A Decade of Sundance Films, but Where are the
Masterpieces?

by Danny Lorber




As indie film guru John Pierson said in a recent article in Premiere,
the Sundance Film Festival is a "made event." While that is indeed true,
the hoopla encompassing the fest - fueled by media and industry players
who deem it by and far the most significant and substantial American
indie film event of the year - does not hide the fact that no matter
what the profile of any festival, its films speak for themselves. And
when looking back at some of the most "buzzed" about films that have
played at Sundance, one will realize that not only has a masterpiece
never been screened, but the festival's overall quality - compared to
the top tier of Hollywood and world cinema screened at international
festivals such as Cannes and Venice, simply, in fact, doesn't compare.
While the popularity of Sundance proves that the American independent
film scene is thriving in terms of the number of films produced and the
vast audience willing to see those films - the overall quality of the
films makes Sundance seem like the all star game of a minor league film
biz.

The above paragraph may be an upsetting one to some, and don't get me
wrong, worthy films - even near great ones - have played at Sundance in
the past. Some come to mind instantaneously - "Sex, Lies and Videotape,"
"Blood Simple," "Hoop Dreams," even Quentin Tarantino's "Reservoir Dogs"
have rocketed out of the festival and settled themselves into the
discriminating pantheon of contemporary film lore. But will any of those
films ever earn classic status? No way - and we're just talking about
the festival's standout fair. What about award winners from the past few
years: "The Brother's McMullen," "Public Access," "Slam," "The Spitfire
Grill," etc. These films were lauded as significant films at the fest -
and when truly looking at their merits, one comes to the conclusion that
they're sloppy, manipulative works whose praise is simply undeserved.

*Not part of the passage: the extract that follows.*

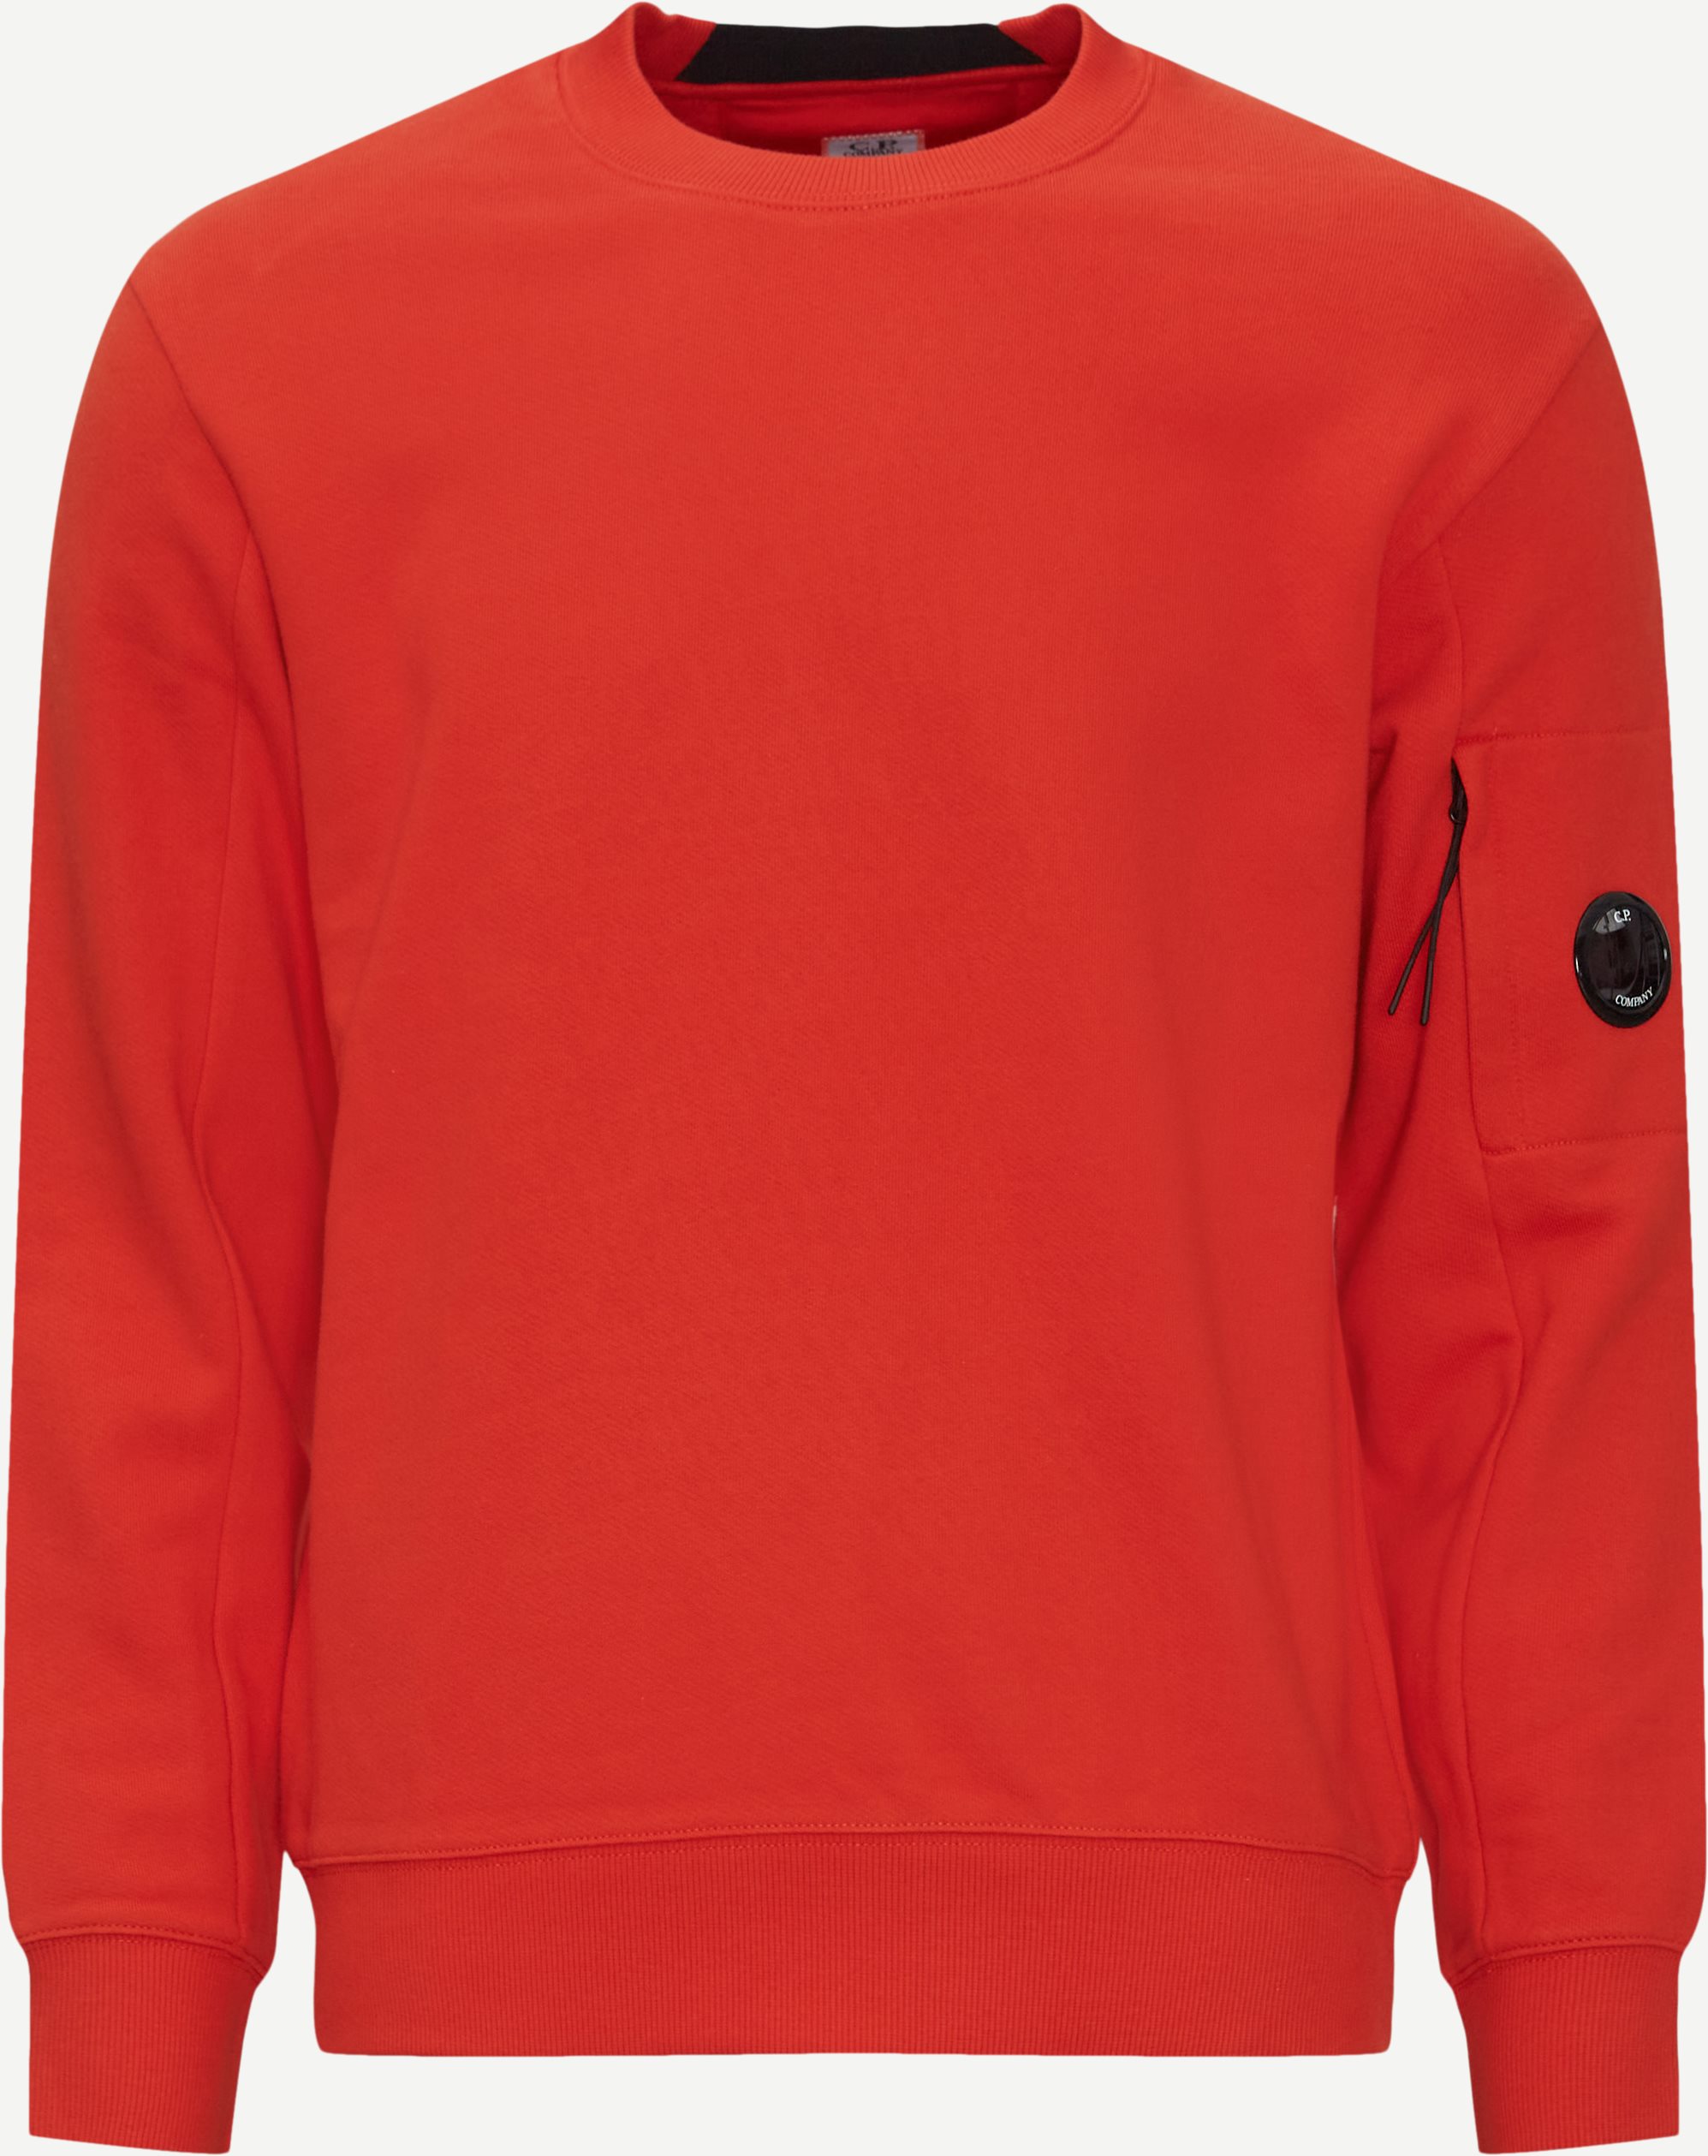 Sweatshirts - Regular fit - Red

So what gives Sundance its reputation as the premier non-Hollywood North
American film event? For audiences looking for a festival that will
offer them cinema that often touches on art, they'd be much better
served attending high-brow, non-buyers market festivals such as the ones
in New York City and Telluride. Even when talking strictly acquisitions
(which, obviously, is what really matters at Sundance) - production
company execs and acquisitions staff probably prefer the Toronto film
festival where the vast lineup is absolutely more eclectic, exciting,
and artful.

Maybe it's the true festive nature of Sundance - a mountain side party,
full of creative folks and their providers praising themselves for their
integrity and humbleness while relishing in the possibility of excess
and a monumentally lucrative financial future. It occurs in a small ski
town, smack dab in the middle of winter, in a place otherwise far away
from the psychological vibe of Hollywood. For ten days, the industry's
players and wannabes share the same crowded sidewalks, restaurants, and
screening facilities, get interviewed by hip television programs and
very publicly commune as supporters of art made out of the
establishment. Dreams come true at Sundance - young film geeks become
players over night, as the brothers Weinstein and their extended
brethren make a splash and cause a party by bestowing millions of bucks
on the most traditional, lacking in guts - the most Hollywood inspired -
"independent" filmmakers.

Why the rant, you ask? Because of frustration - because of an
independent film scene that - at events like Sundance - makes it very
clear that it's not living up to its possibilities. How many films from
last year's fest that found distribution were worth seeing? If you ask
me, only two. There was Vincent Gallo's sardonically beautiful "Buffalo
66" and Darren Aronofsky's "Pi" - which was not really a good film, but
was undeniably made by an artist, which is surly a rare occurrence these
days. Other than that there was the overbearing and melodramatic "Smoke
Signals," the well shot, well acted but obvious and pretentious "High
Art," and the cutesy and mediocre "Next Stop Wonderland."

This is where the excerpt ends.